Jonathan Pérez y Elena Iglesias, que este año están al frente del bar restaurante Porcía. Ana Paz Paredes

En lo alto de la playa abre sus puertas un precioso chiringuito, el restaurante bar Porcía, que este año llevan, por primera vez, Jonathan Pérez Auviaño y Elena Iglesias Calvo. Él, que ya con 17 años entró en una cocina a trabajar, retoma con ilusión su actividad entre los fogones. "Intentamos cuidar mucho el producto, que sea de primera calidad y de la zona. Fundamentalmente preparamos pescados frescos, que los hacemos en un horno de brasa de carbón y, entre los platos que más gustan, están nuestras croquetas de sepia", explica ella.

Y, como colofón a un día más en Porcía, siempre queda contemplar desde allí una puesta de sol, tan bella e intensa como la propia playa.

La playa de Porcía, en otro de sus rincones.

Hay que ir por la A-8 dirección a El Franco, hacia la capital del concejo, La Caridad, pero no entrar en ella sino continuar de frente en la rotonda por la N-634. Tras pasar Valdepares, un poco más adelante girar a la derecha, frente al mesón El Fornello. Allí se indica la playa a la derecha.

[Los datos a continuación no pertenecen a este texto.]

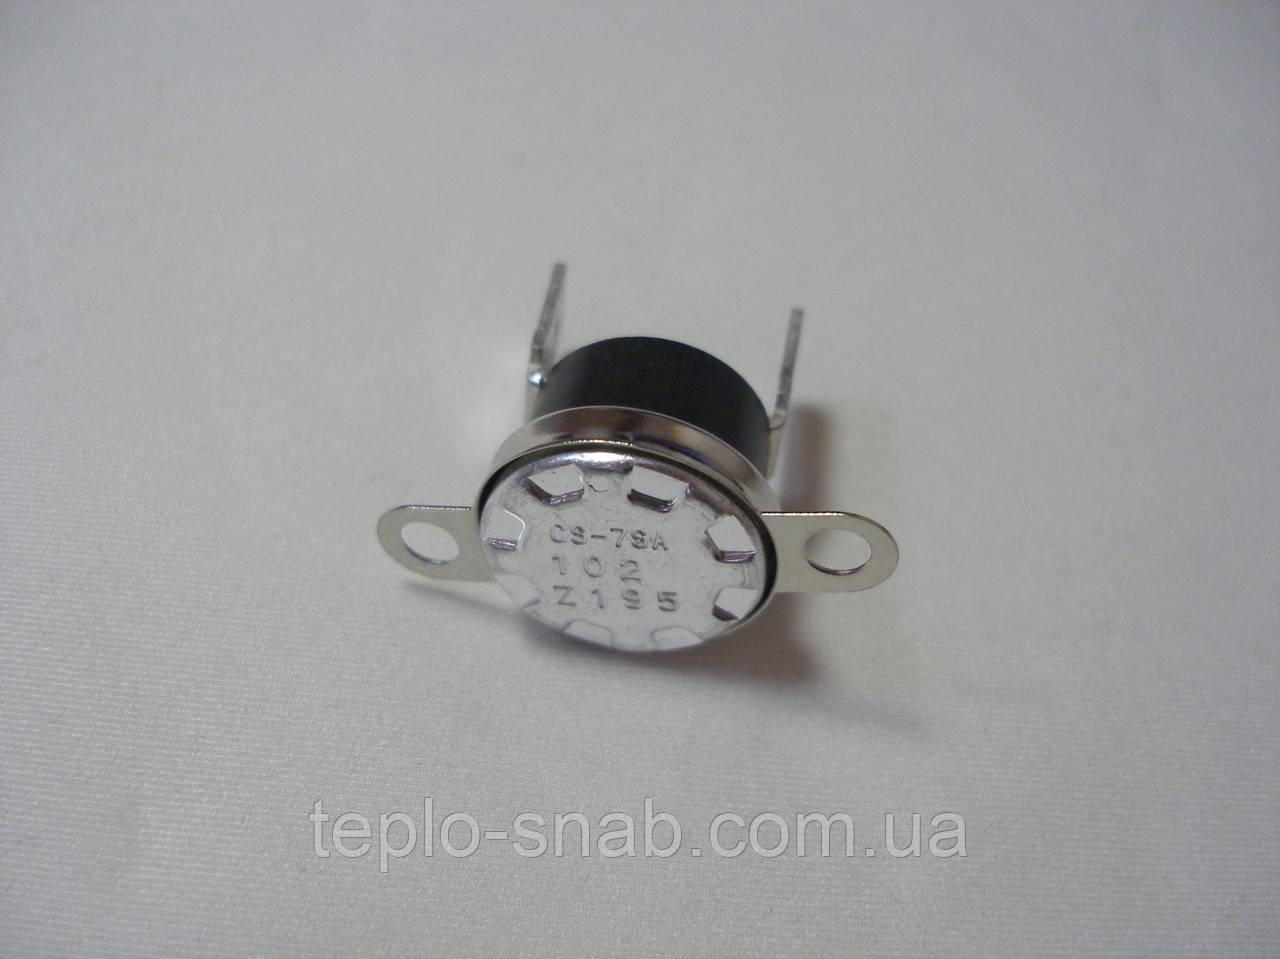 Термостат безопасности 102°С Beretta Ciao, Minute, Exclusive - R2258

Una de las cosas a descubrir es cómo se ve la playa desde el columpio que está en el área recreativa y, aquellos que puedan, y en referencia a las fiestas que se celebran en El Franco, disfrutar de su emblemática romería de Los Remedios o de la Noite Celta, celebraciones que, con tanto cariño y buen hacer, organizan los miembros de la Asociación Alameda.

Los días de tormenta con mucho aparato eléctrico buena parte de esos rayos van a pasar sobre A Pedra Imán, en la zona de Tapia de Casariego, donde están los restos de la vieja mina de hierro, al contar allí con una importante presencia de metales.